His family makes soup, boils the leaves and then changes the water to ensure the food is clean, he said.
While he was familiar with the plant before the war, he said some residents of towns displaced from northern Gaza were unfamiliar with it, but were pleasantly surprised when they tried it.
It is often eaten hot, but some Gazans, like Mr. Abu Khadija, find it tastier cold.
The plant is not widely consumed in Israel, but it grows extensively there and some chefs consider it a valuable local ingredient.
Moshe Basson, the executive chef and owner of the Eucalyptus restaurant in Jerusalem, said he had seen a video on social media that he said showed Gazans eating “greens”.
“That’s not weed,” he remembers thinking. “This must be khobeza.”
His cookbook includes recipes that use hopza, he said, and his current menu includes stuffed hopza leaves and hopza sauteed with garlic, olive oil and mushrooms, he said.
He was not at all surprised to see the people of Gaza eating the plant.
“It’s medicine,” he said. “It’s full of nutrients and for me as a chef it’s delicious.”

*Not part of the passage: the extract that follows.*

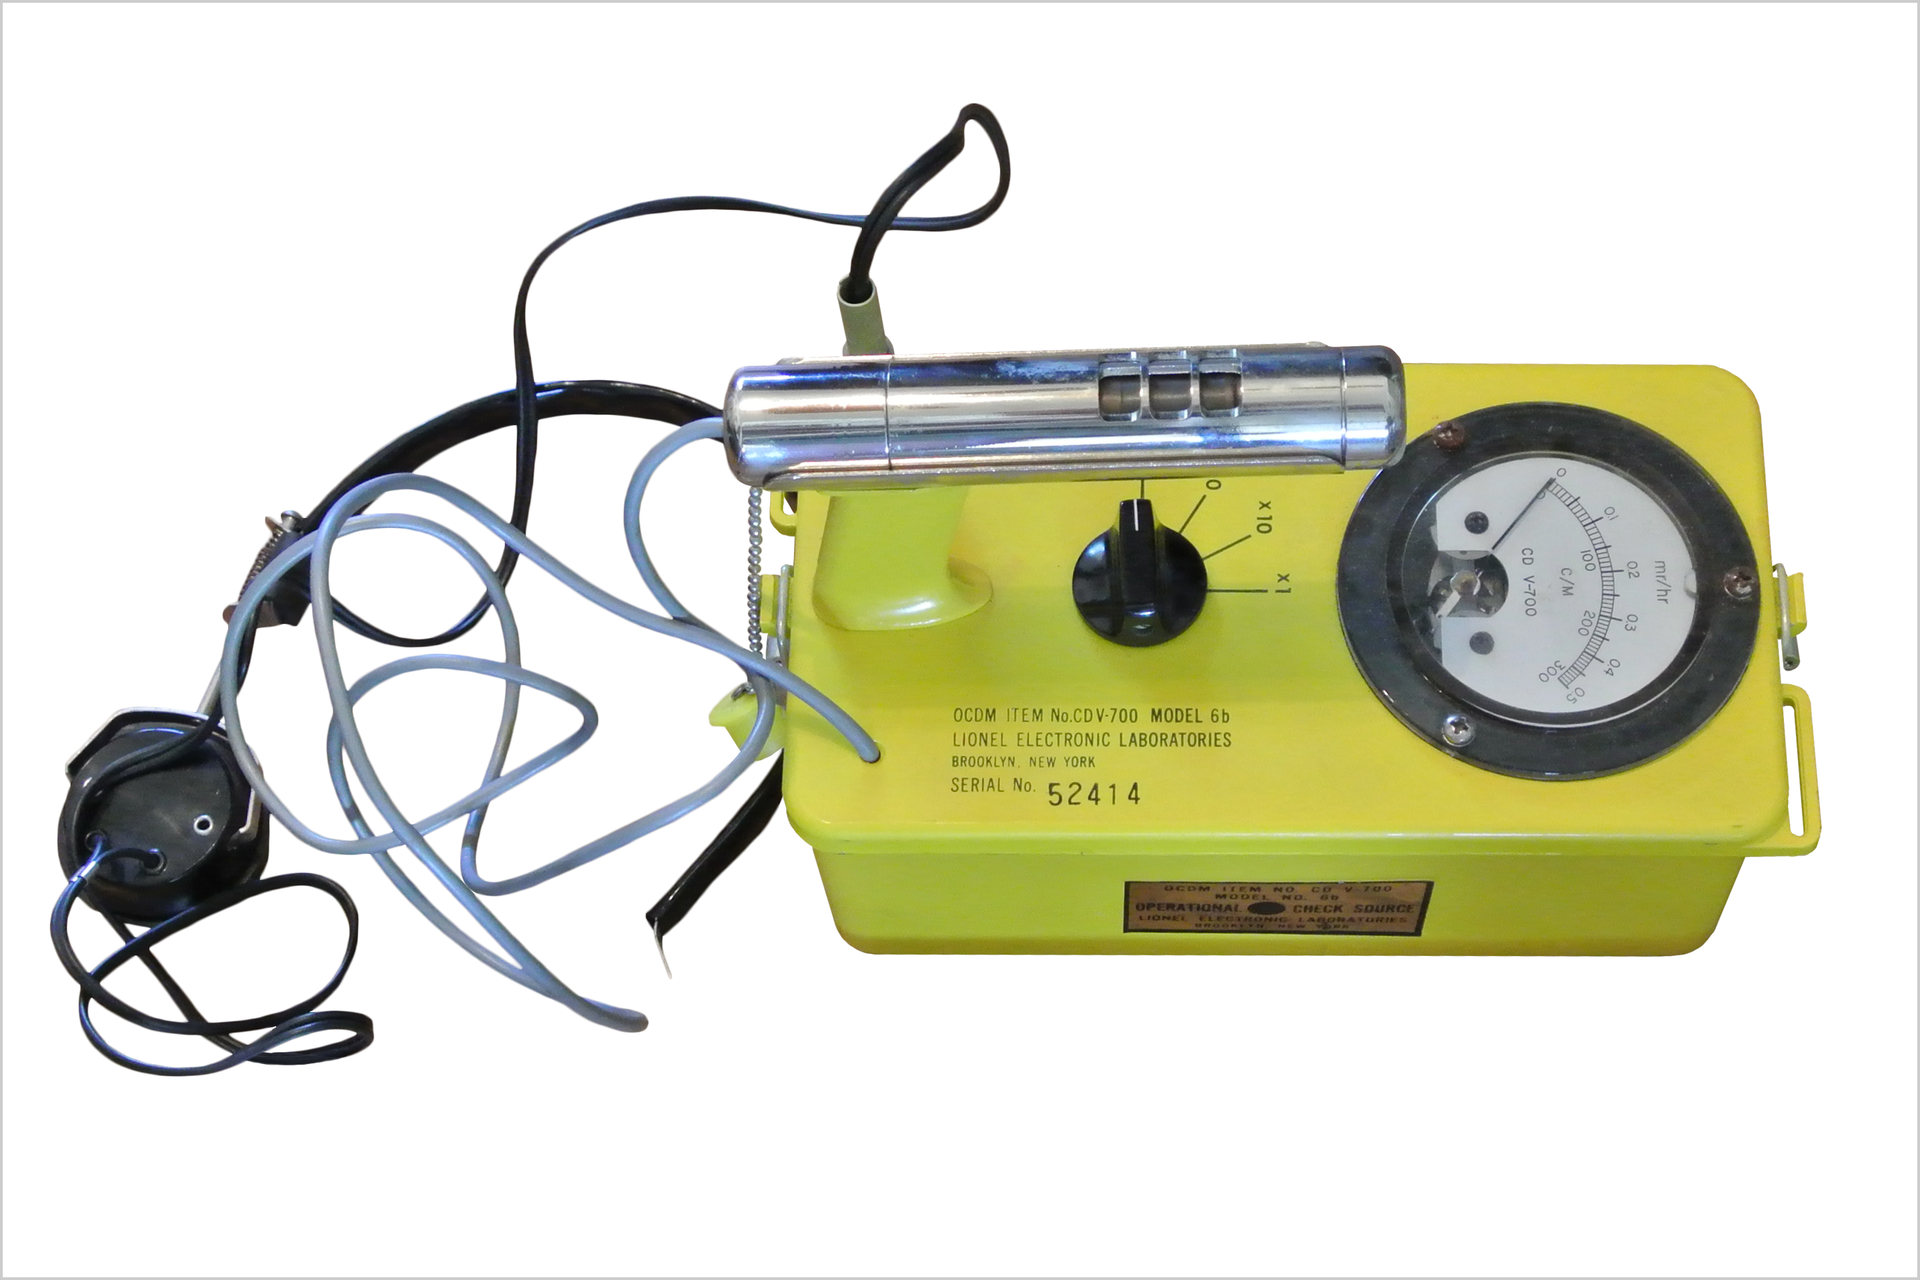 Kolorowe zdjęcie przedstawia licznik Geigera. Zdjęcie wykonane z góry. Po prawej żółte metalowe pudełko. Na górze pudełka znajdują się (od prawej): wskaźnik promieniowania jądrowego ze skalą liczbową, czarne plastikowe pokrętło na środku, po lewej detektor w kształcie rurki. Po lewej stronie zdjęcia kilka kabli i przewodów. Jeden przewód podłączony jest do obudowy drugi do detektora w kształcie rurki.

Throughout their history, Israelis, too, have turned to hobeza in times of need.
During the war surrounding Israel’s founding in 1948, Arab forces imposed a punitive siege on Jerusalem, and Jews trapped inside the city sent their children to forage for khobeza, also known as chalamit in Hebrew.
In the end, the Jews held out and the siege failed.
In this war, with Israeli jets dropping bombs on Gaza and Israeli troops on the ground in parts of the territory, even foraging for hobbeza can be dangerous.
“No aid or anything is coming to us,” said Rawan al-Khoudary, 22, referring to food airdrops carried out by the United States and other countries.
With food scarce where she lives in northern Gaza, she said, her husband often went to farmland near the border with Israel to pick eggplants and kobeza. But during one trip, her cousin’s husband was shot and killed by what the family believes was an Israeli sniper.
Now, they choose hobeza elsewhere.
“We make it soup, we make it stew, we make it whatever we can,” he said. “We live in the hobeza.”
Abu Bakr Bashir contributed reporting from London and Himba Yazbek from Jerusalem.